Multi-Task Interactive Robot Fleet Learning with Visual World Models

Abstract

Recent advancements in large-scale multi-task robot learning offer the potential for deploying robot fleets in household and industrial settings, enabling them to perform diverse tasks across various environments. However, AI-enabled robots often face challenges with generalization and robustness when exposed to real-world variability and uncertainty. We introduce Sirius-Fleet, a multi-task interactive robot fleet learning framework to address these challenges. Sirius-Fleet monitors robot performance during deployment and involves humans to correct the robot's actions when necessary.
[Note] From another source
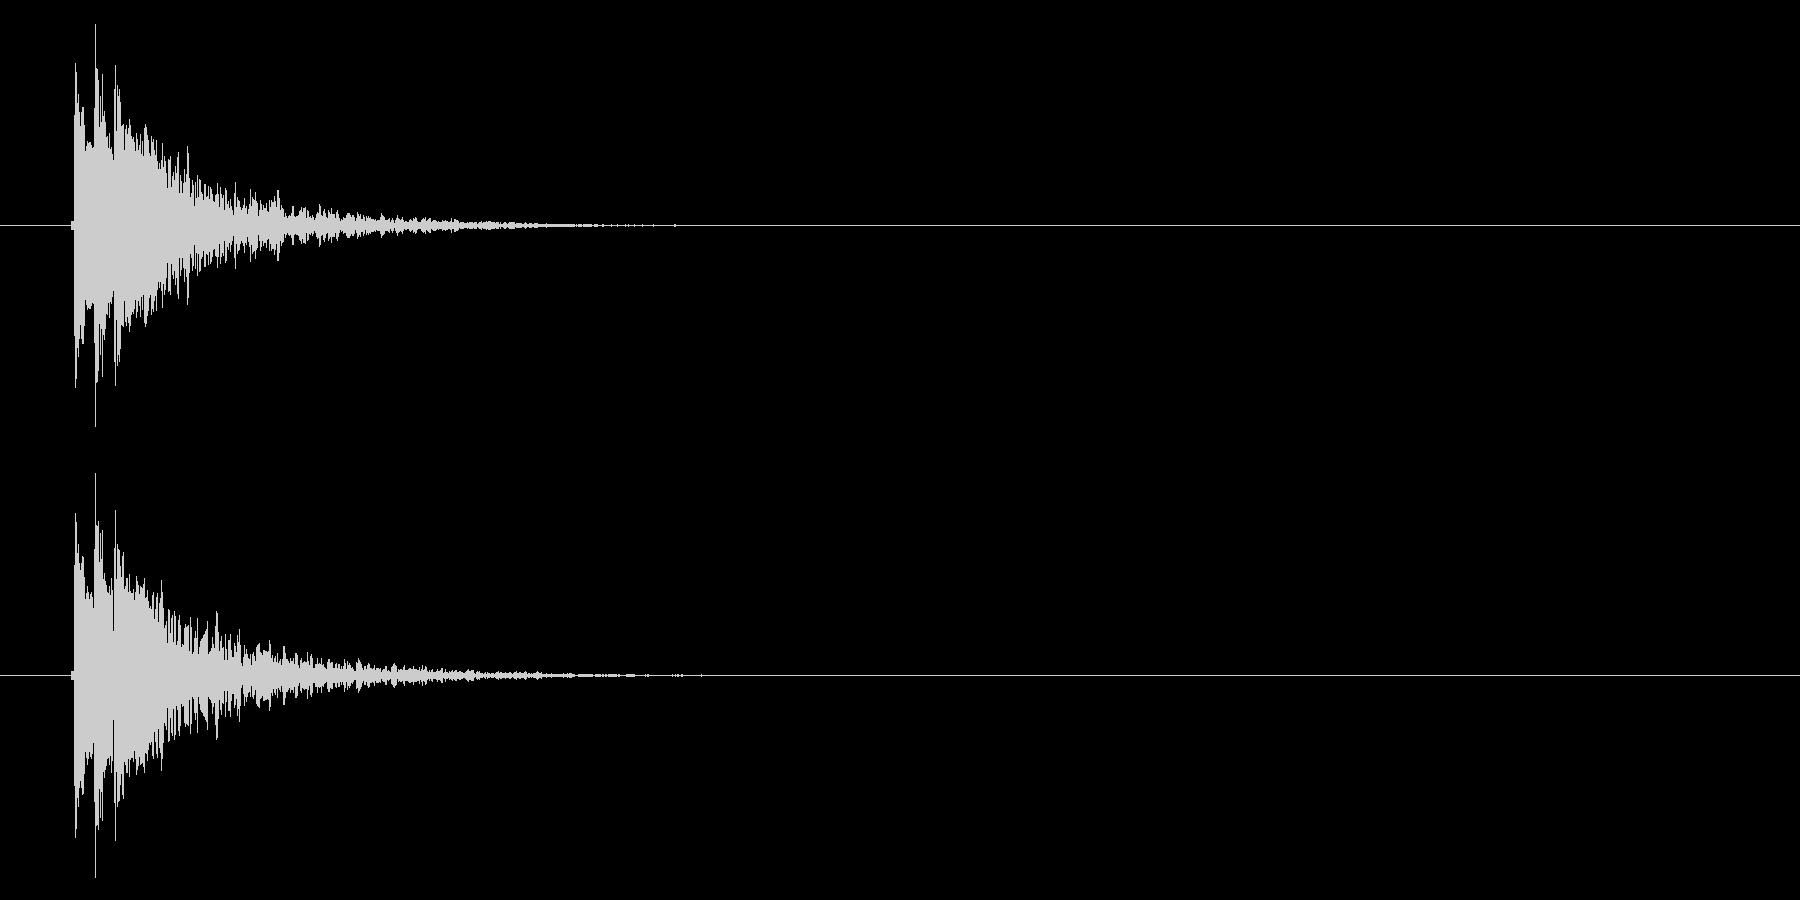 トゥクトゥン(終了音、ドラム)の未再生の波形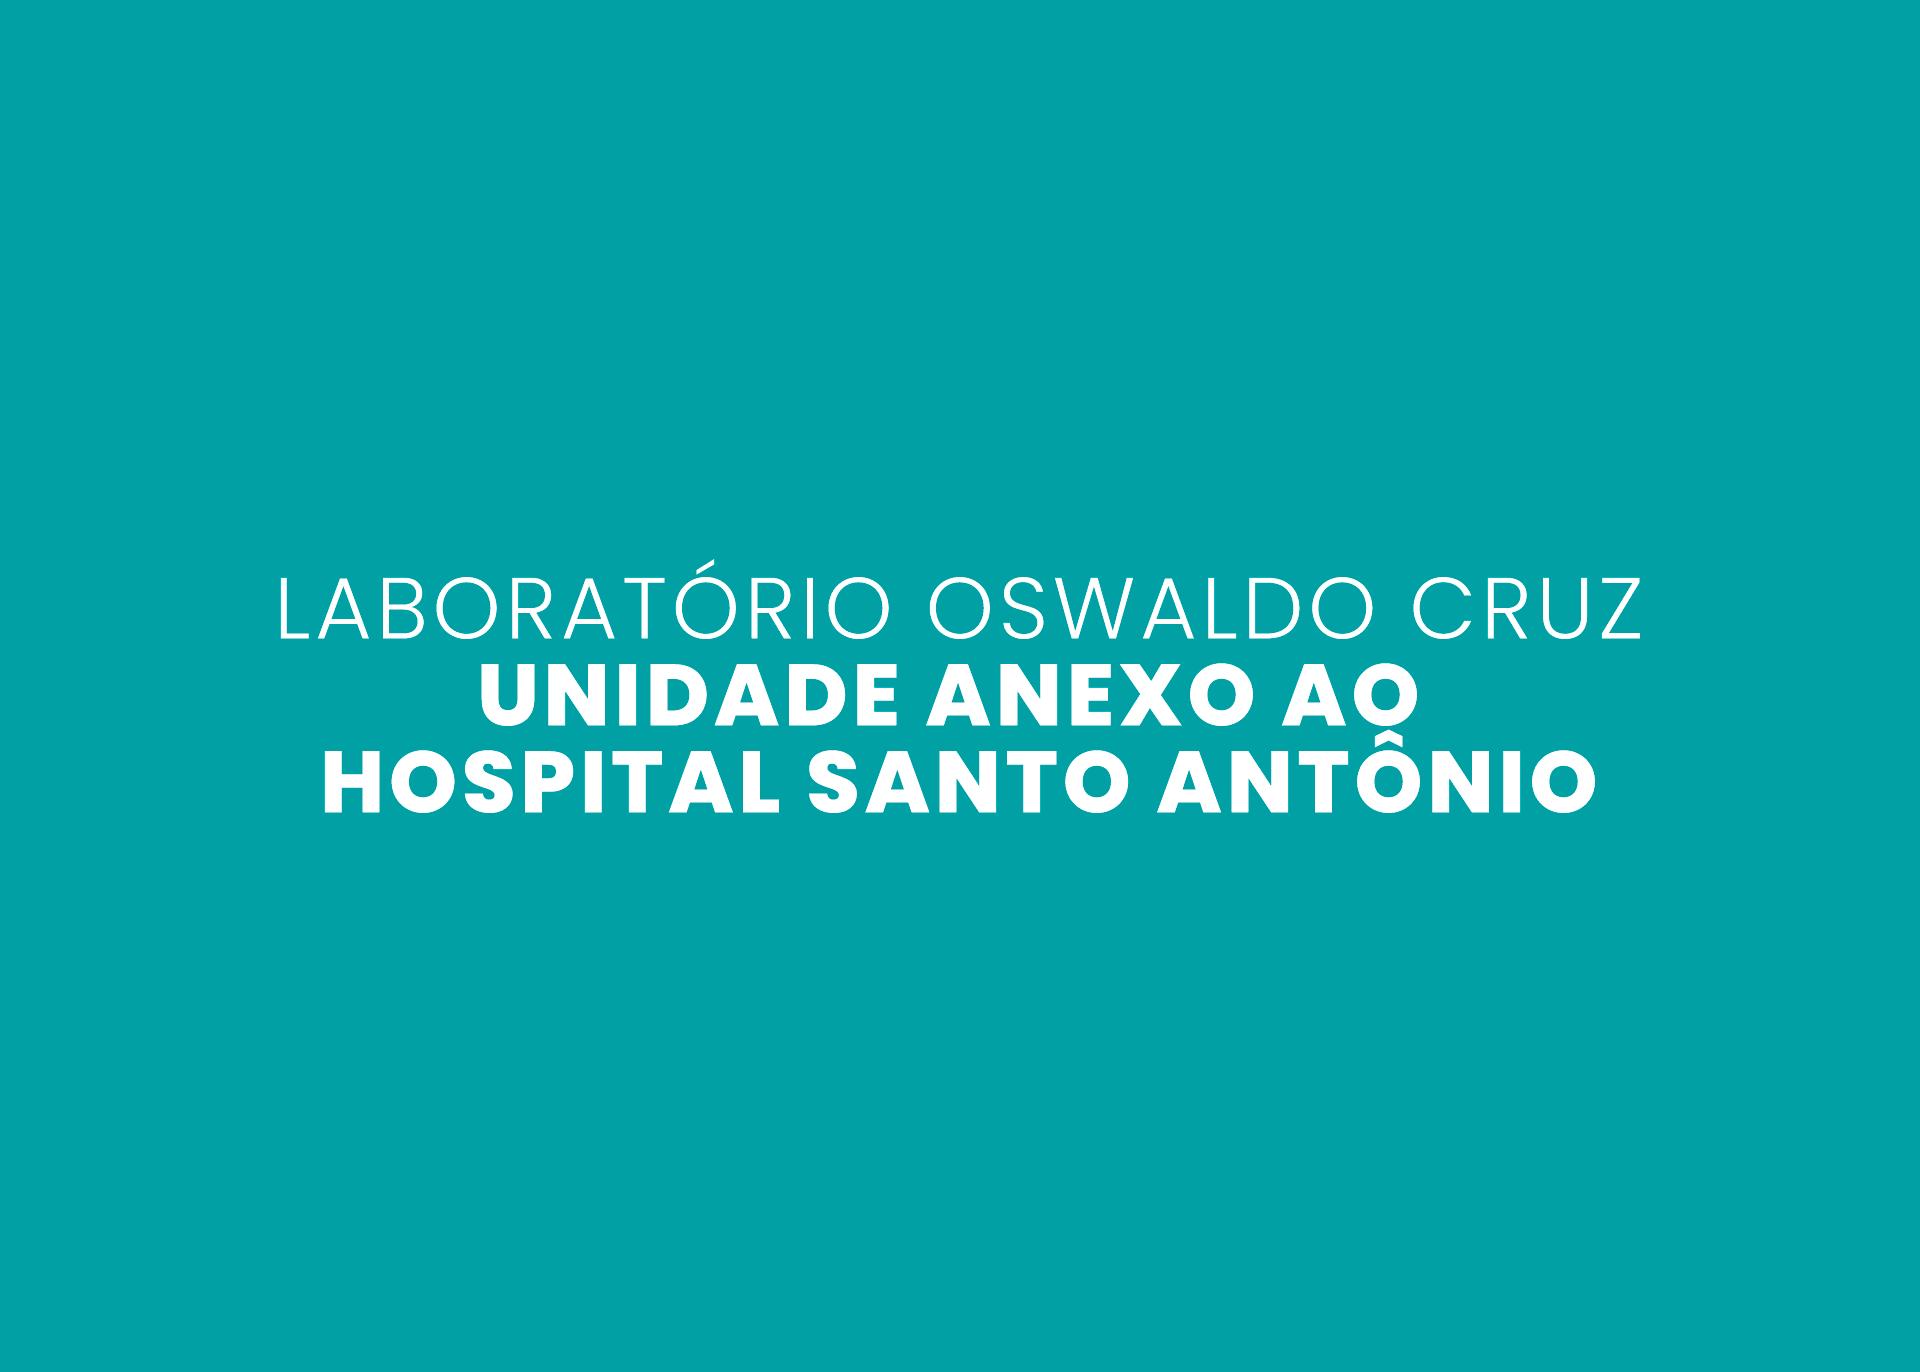 Laboratório Oswaldo Cruz - Unidade Anexo ao Hospital Santo Antônio

We employ a visual world model to predict the outcomes of future actions and build anomaly predictors to predict whether they will likely result in anomalies. As the robot autonomy improves, the anomaly predictors automatically adapt their prediction criteria, leading to fewer requests for human intervention and gradually reducing human workload over time. Evaluations on large-scale benchmarks demonstrate Sirius-Fleet's effectiveness in improving multi-task policy performance and monitoring accuracy. We demonstrate Sirius-Fleet's performance in both RoboCasa in simulation and Mutex in the real world, two diverse, large-scale multi-task benchmarks.

Overview

We introduce Sirius-Fleet, a multi-task interactive robot fleet learning framework. The framework consists of two stages: 1) Visual World Model Training and Inference, where we pre-train a visual world model on diverse datasets to predict future latent embeddings from past video frames, and 2) Multi-Task Interactive Fleet Learning, where the pre-trained model is used to supervise multi-task robot fleet deployment. During deployment, anomaly predictors monitor task performance in real time, involving humans for control when necessary. The policy and anomaly predictors are continuously fine-tuned with deployment data, enabling improved task performance over time.

Visual World Model

A key challenge in runtime monitoring is to effectively predict future task scenarios, as this allows the system to preempt potential failures before they occur. We develop a visual world model trained on diverse robot trajectories performing a large variety of tasks, which enables the prediction of future task outcomes and helps prevent potential failures. The visual world model is trained by reconstructing image frames from input observations, which allows it to capture fine-grained visual details necessary for precise manipulation. The visual world model comprises a UNet-based encoder and decoder combined with a cVAE- and Transformer-based prediction model. This architecture allows the world model to predict future embeddings from the current state.

Anomaly Predictors

The learned embeddings from the world model are then shared across downstream anomaly prediction tasks. We train two distinct types of anomaly predictors: one for failure detection and one for out-of-distribution (OOD) detection. The two predictors complement each other in practice: failure prediction detects failures similar to those identified by humans previously, and OOD detection captures cases when the robot is in novel, unfamiliar scenarios.

Multi-Task Policy

The multi-task policy is a Transformer that processes images, proprioceptive data, and task language embeddings. It uses a Gaussian Mixture Model (GMM) to output robot actions.

Experiments

We evaluate policy learning and runtime monitoring using 12 tasks from the RoboCasa benchmark in simulation and 10 tasks from the Mutex benchmark in real-world environments.